Universities around the country will be watching carefully as the U.S. Supreme Court hears arguments in two college admissions cases on Oct. 31, 2022. Many legal pundits predict that affirmative action, a practice that gives preferences to groups that have been discriminated against, will be abolished when the court issues its decision next spring. That could prevent both private and public universities from considering a student’s race or ethnicity as one of many factors in admissions, along with grades, test scores and extracurricular activities.

Colleges that still want to build a diverse student body that reflects the country’s demographics are looking for alternatives. Two states could provide valuable information. Researchers have studied what has happened at public universities in Texas and California, which have banned the use of affirmative action since 1996.

Texas moved to a Top Ten Percent policy in 1998 under which public universities accept the cream of the crop at every high school in both wealthy and poor neighborhoods. (In practice, students now need to be in the top 6 percent of their high school class for admission to the University of Texas at Austin.)  But that didn’t help increase the percentage of Black and Hispanic students all that much. Immediately after the affirmative action ban, the percentage of Black and Hispanic students at the state’s two flagship campuses, UT-Austin and Texas A&M, fell from 18 percent to 13 percent. Four years after the Top Ten Percent policy started, the percentage of Black and Hispanic students increased by only 1.6 percentage points at the flagship campuses. Researchers say that tiny increase was probably due to demographic changes in the state and not because the plan was working well.

Thousands of high-achieving students at low-income high schools weren’t taking advantage of the Top Ten Percent policy. Even though they would have been automatically admitted to UT-Austin and Texas A&M, they didn’t bother to apply. Nearly half of the state’s high schools never or rarely sent students to the flagships for 18 years after the Top Ten Percent policy went into effect. Higher income high schools that originally funneled kids to Texas’s flagships continued to be the main suppliers of students.

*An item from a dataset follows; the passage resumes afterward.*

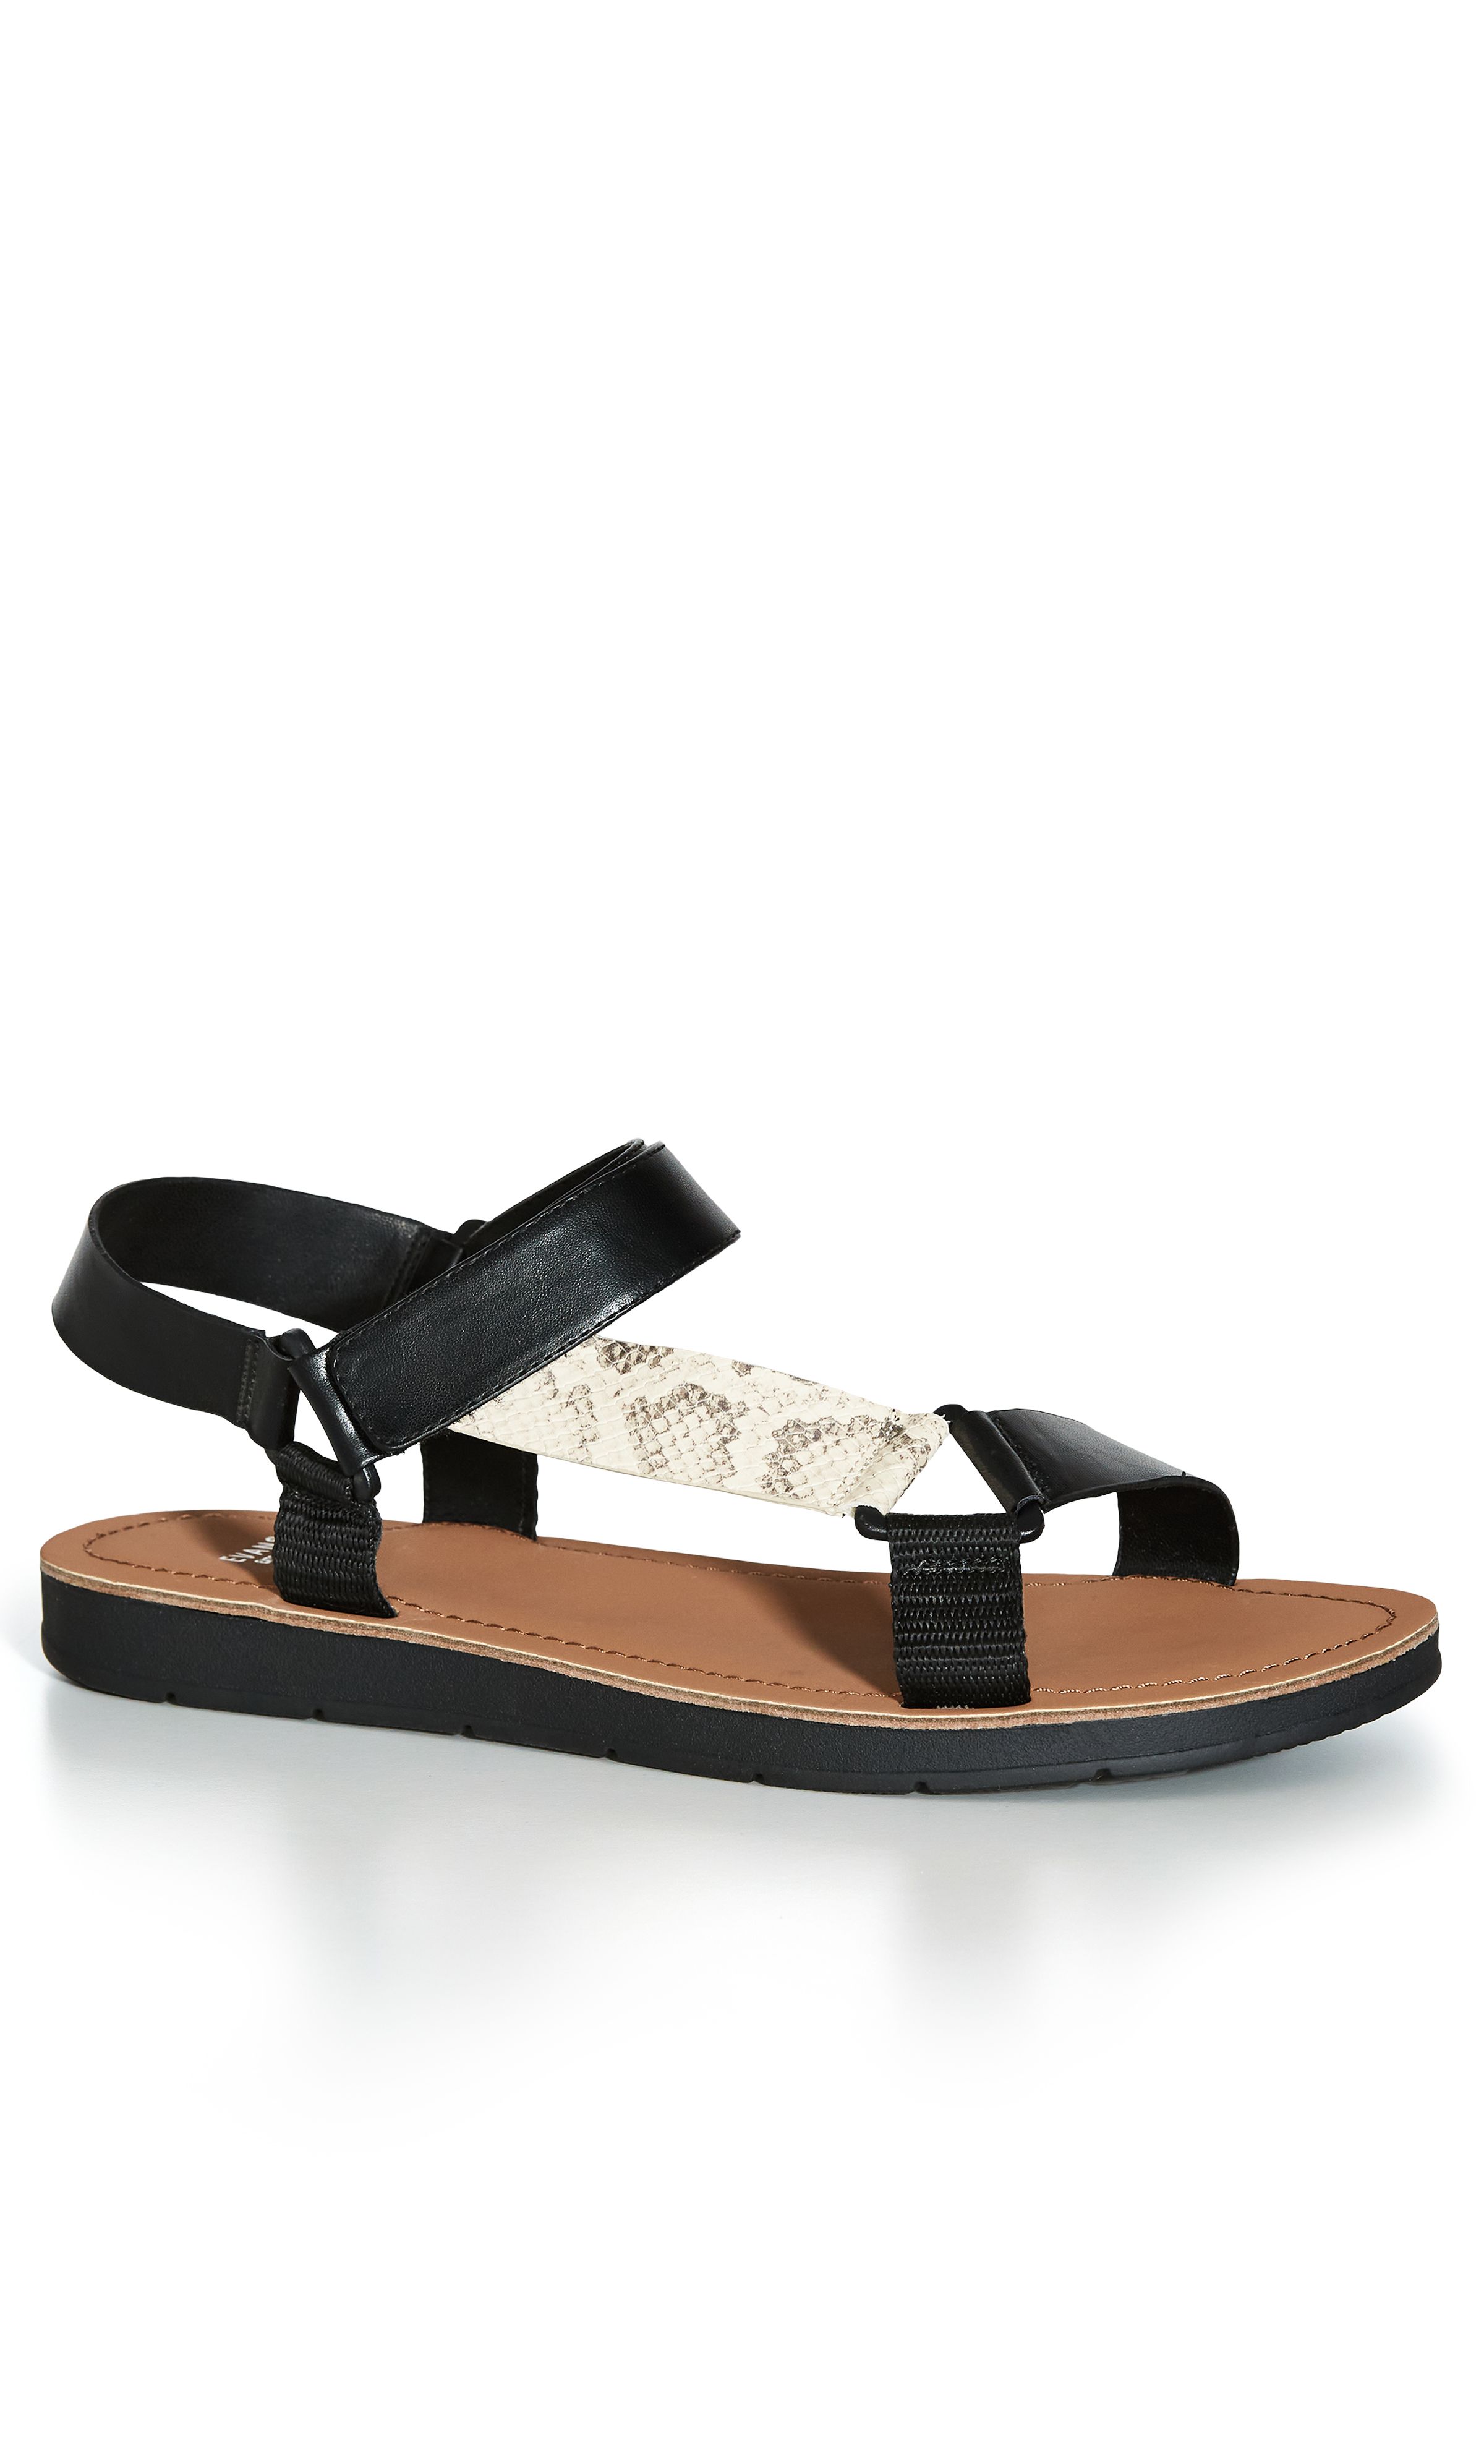 Keep on-trend this summer in the chunky stylings of our Snake Sporty Strap Sandal! Featuring an easy velcro closure and extra wide fit, these shoes are a seamless balance of comfort and style. Key Features Include: - Round open toe - Thick strapping - Velcro closure - Thick cushioned sole Upstyle with a flirty wrap dress and cute underarm bag.

California had a similar experience. After voters eliminated affirmative action in a 1996 referendum, the University of California system tried outreach programs and an automatic acceptance policy for students in the top 9 percent of their high school classes. In 2001, the UC system moved to “holistic” admissions, looking at many factors beyond test scores and grades. Beginning in 2020, the system eliminated SAT and ACT tests altogether. But UC says its efforts haven’t been enough to keep up with changing demographics in the state. The state’s high school seniors in 2021 were 54 percent Latino and 5.4 percent Black. But that fall, University of California’s incoming freshmen were 26 percent Latino, and 4.4 percent Black. It was worse at the most selective campuses. (Enrollment data for 2022 isn’t yet available.)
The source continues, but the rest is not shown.